Migraine Susceptibility and Your Genetics

Written by Scott Peeples, BS Biomedical Sciences · ExomeDNA Founder Reviewed by ExomeDNA Editorial Process Last reviewed: 2026-05-29

For informational purposes only. Consult a healthcare provider for clinical guidance.

Migraine is one of the most common neurological conditions worldwide, affecting roughly one billion people globally and representing a leading cause of disability in adults under fifty.

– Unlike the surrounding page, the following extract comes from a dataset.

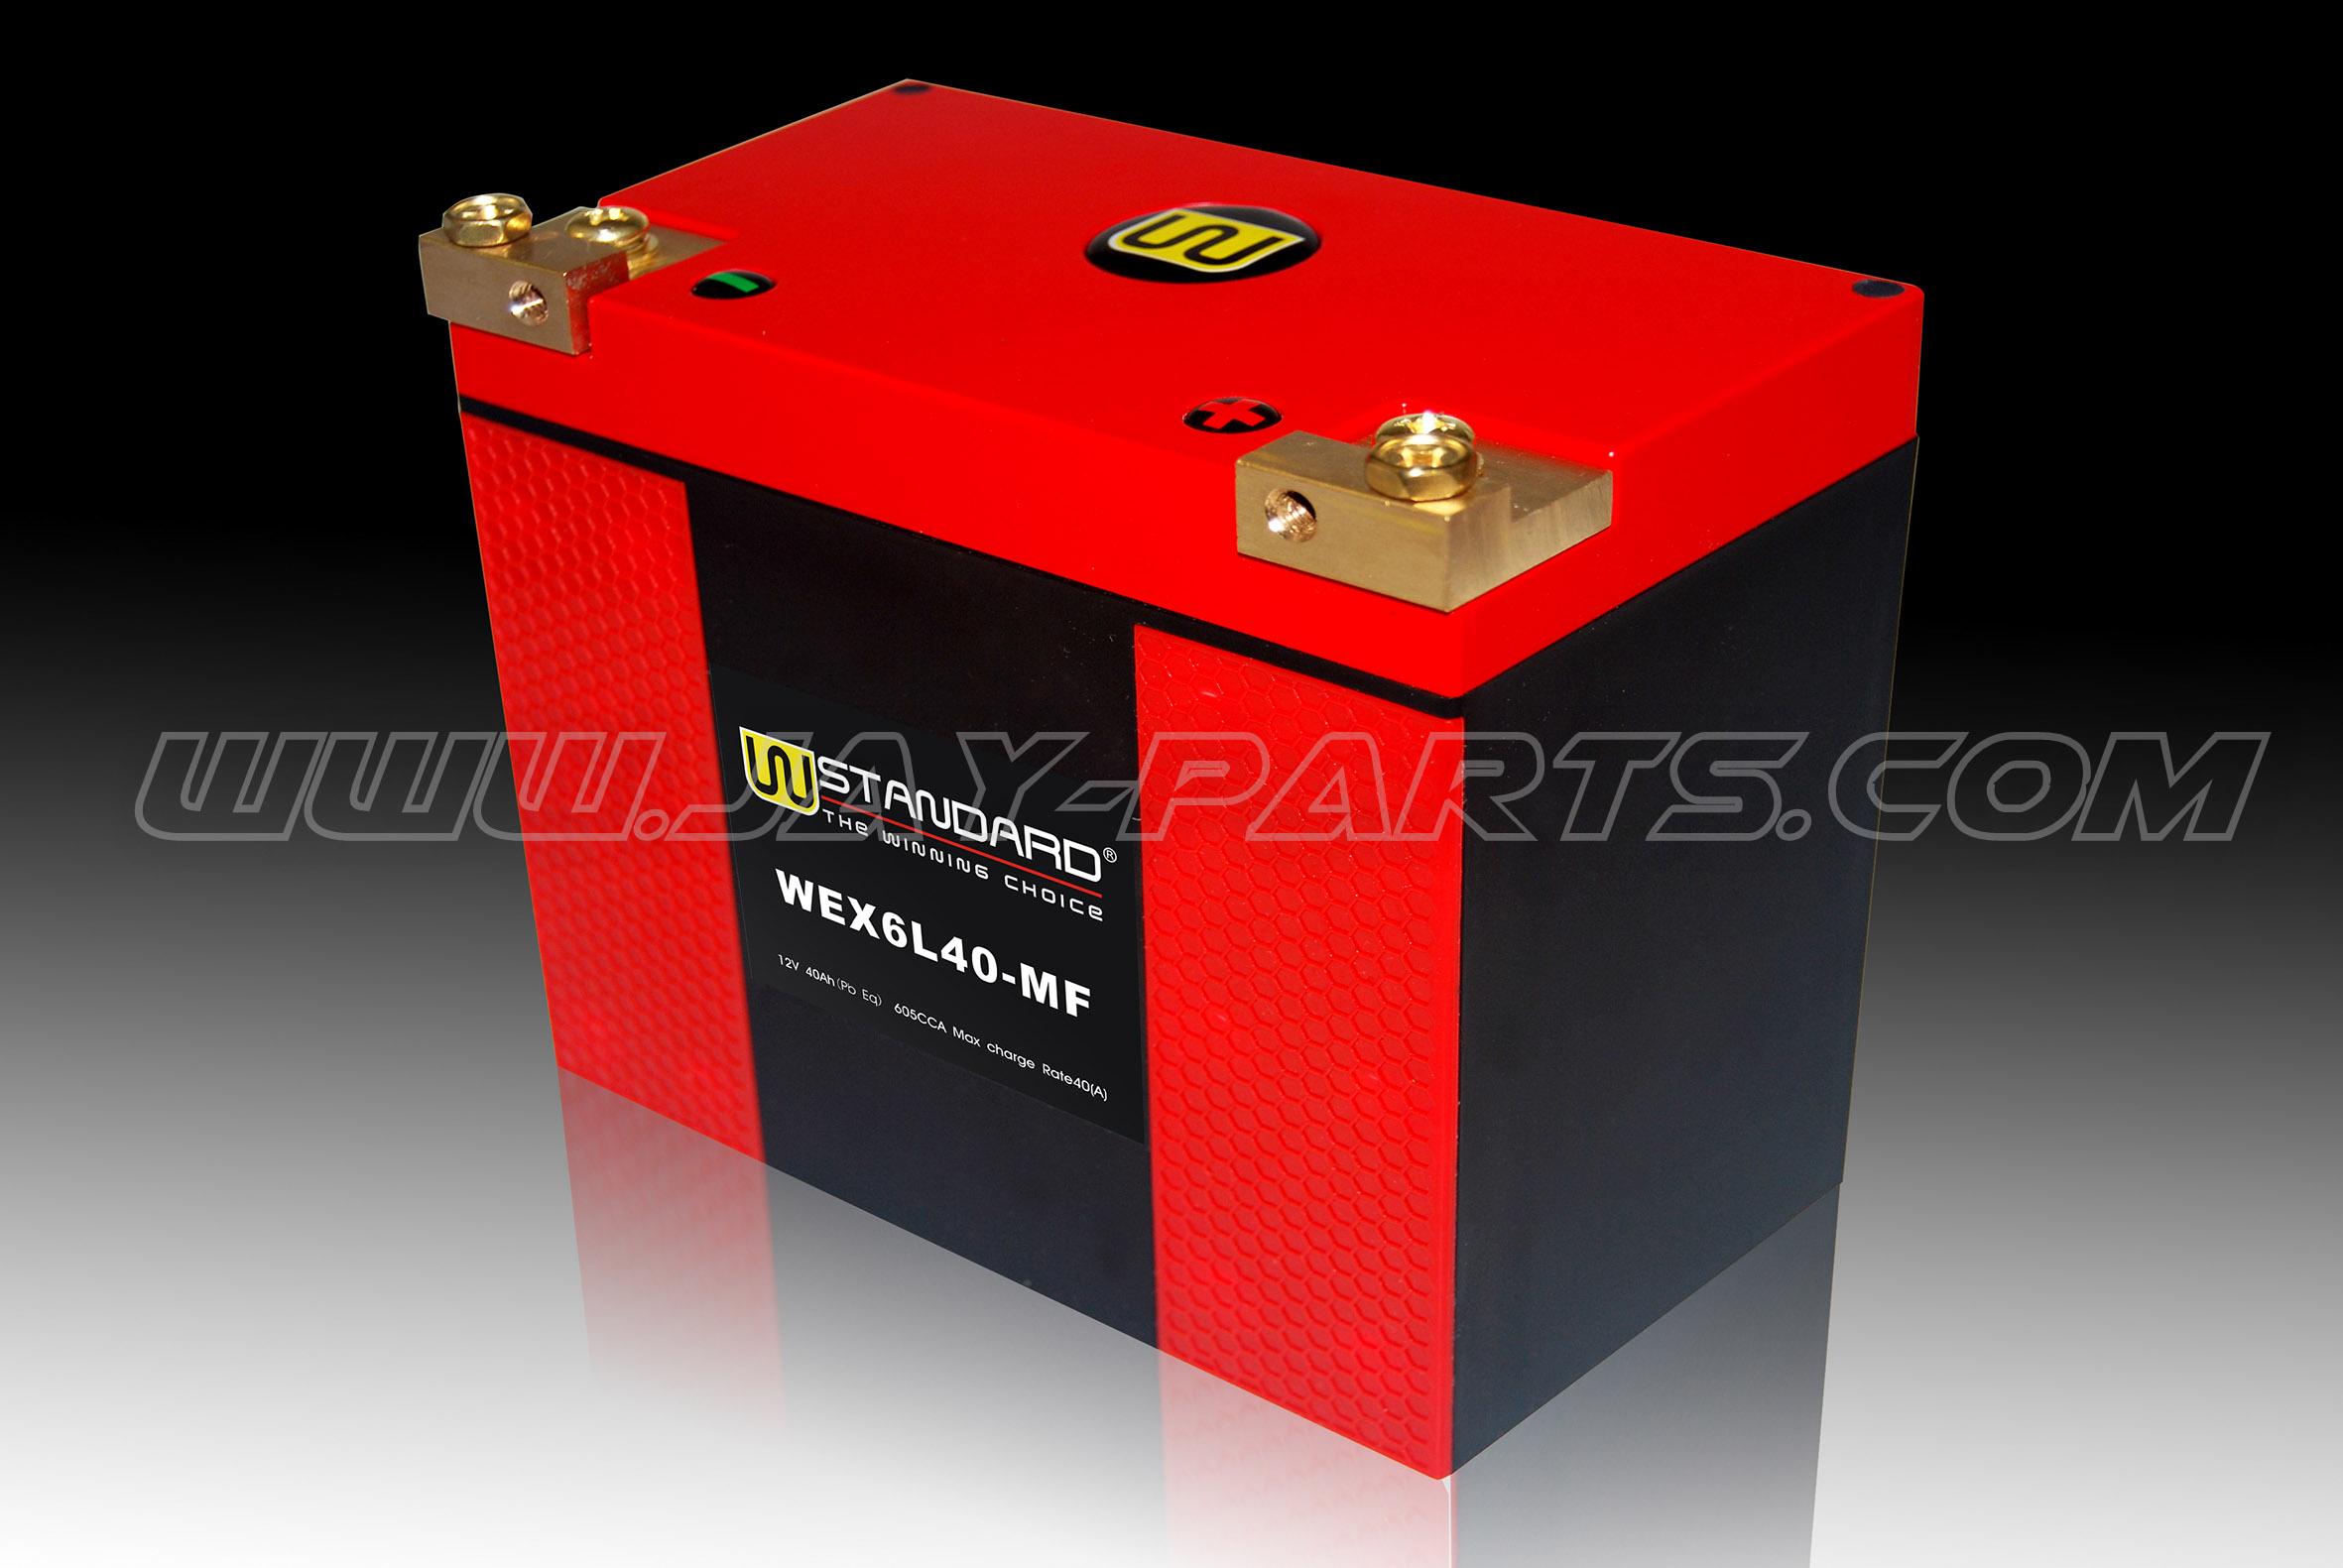 W-Standard Lithium Batterie WEX6L40-MF
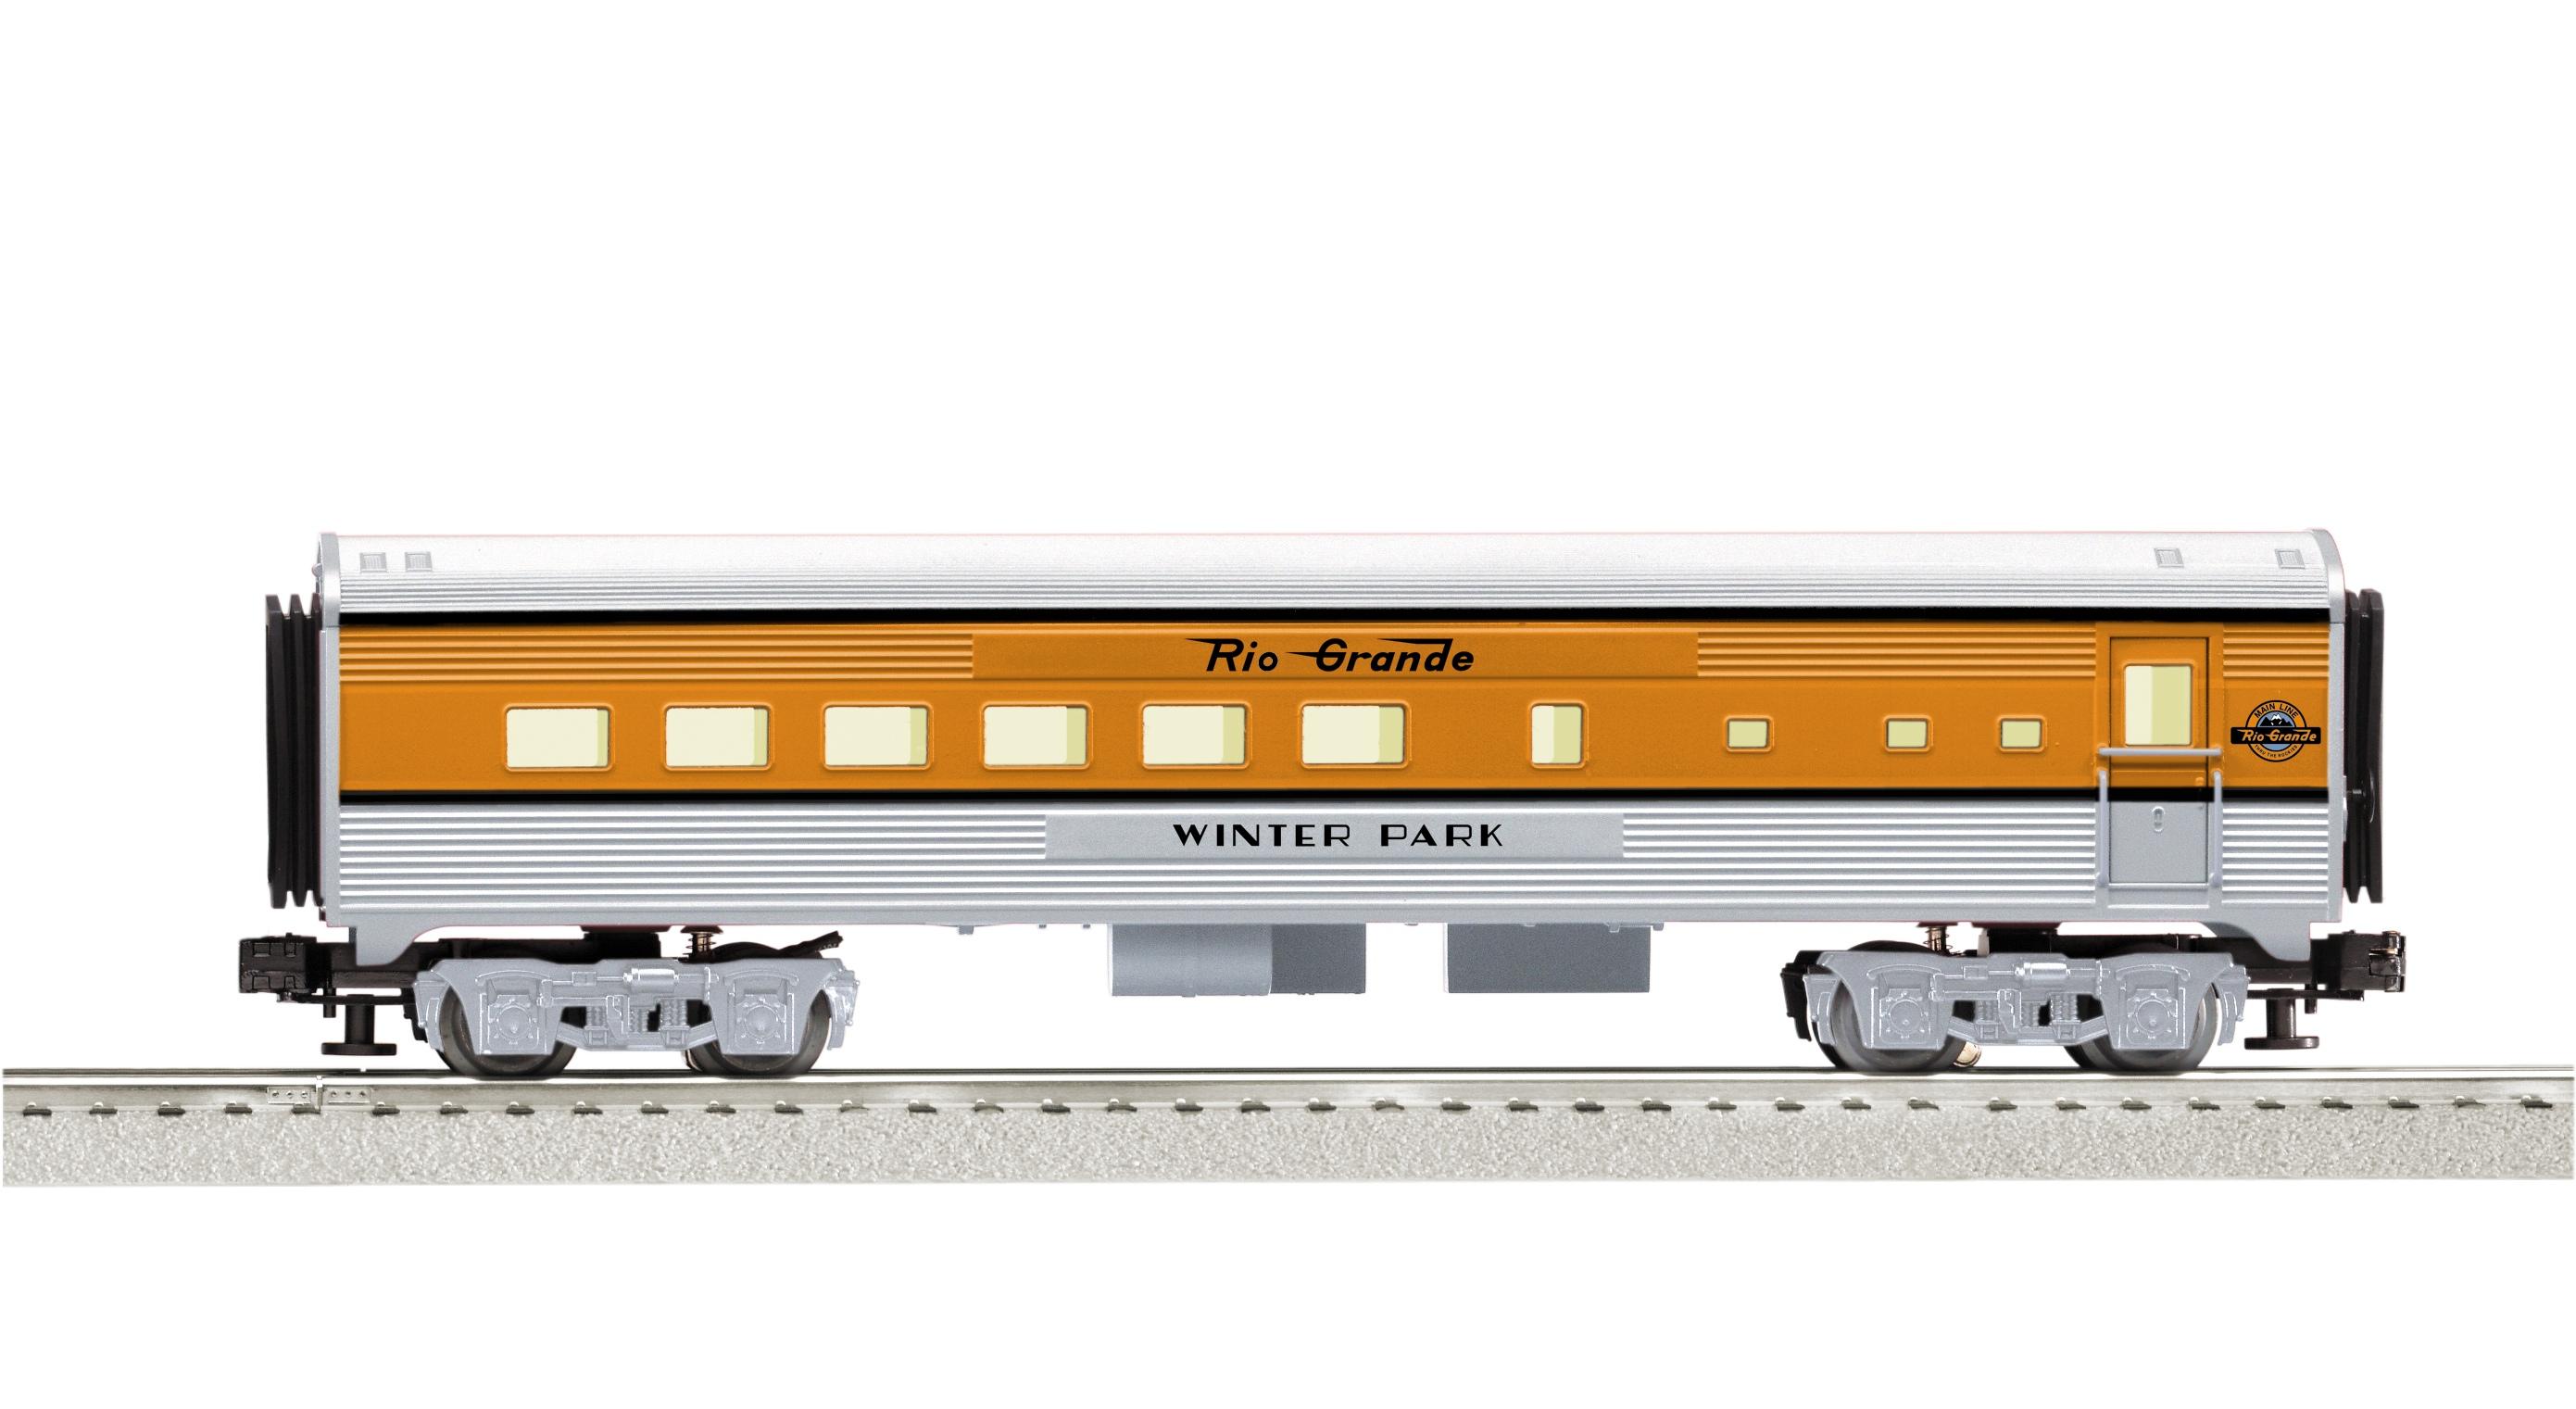 Union Park Dining Room Rio Grande Quot Ski Train Quot Streamliner Diner Quot Winter Park Quot

It is also one of the most heritable common conditions studied through genome-wide association methods — twin studies estimate heritability between 34 and 65 percent depending on migraine subtype. This ExomeDNA page covers the genetics of migraine susceptibility as characterized by the clinical PheCode 340 cohort — a high-confidence set of nine credible genetic loci identified through rigorous genome-wide association analysis. The standout finding in this dataset is TRPM8, a cold and menthol receptor ion channel whose role in trigeminal pain signaling makes it the most compelling mechanistic entry point into migraine biology. Research base: Robust. One acknowledgment of limitation applies throughout: despite the robust replication of these loci, the exact mechanistic path from variant to migraine episode remains incompletely characterized for most signals.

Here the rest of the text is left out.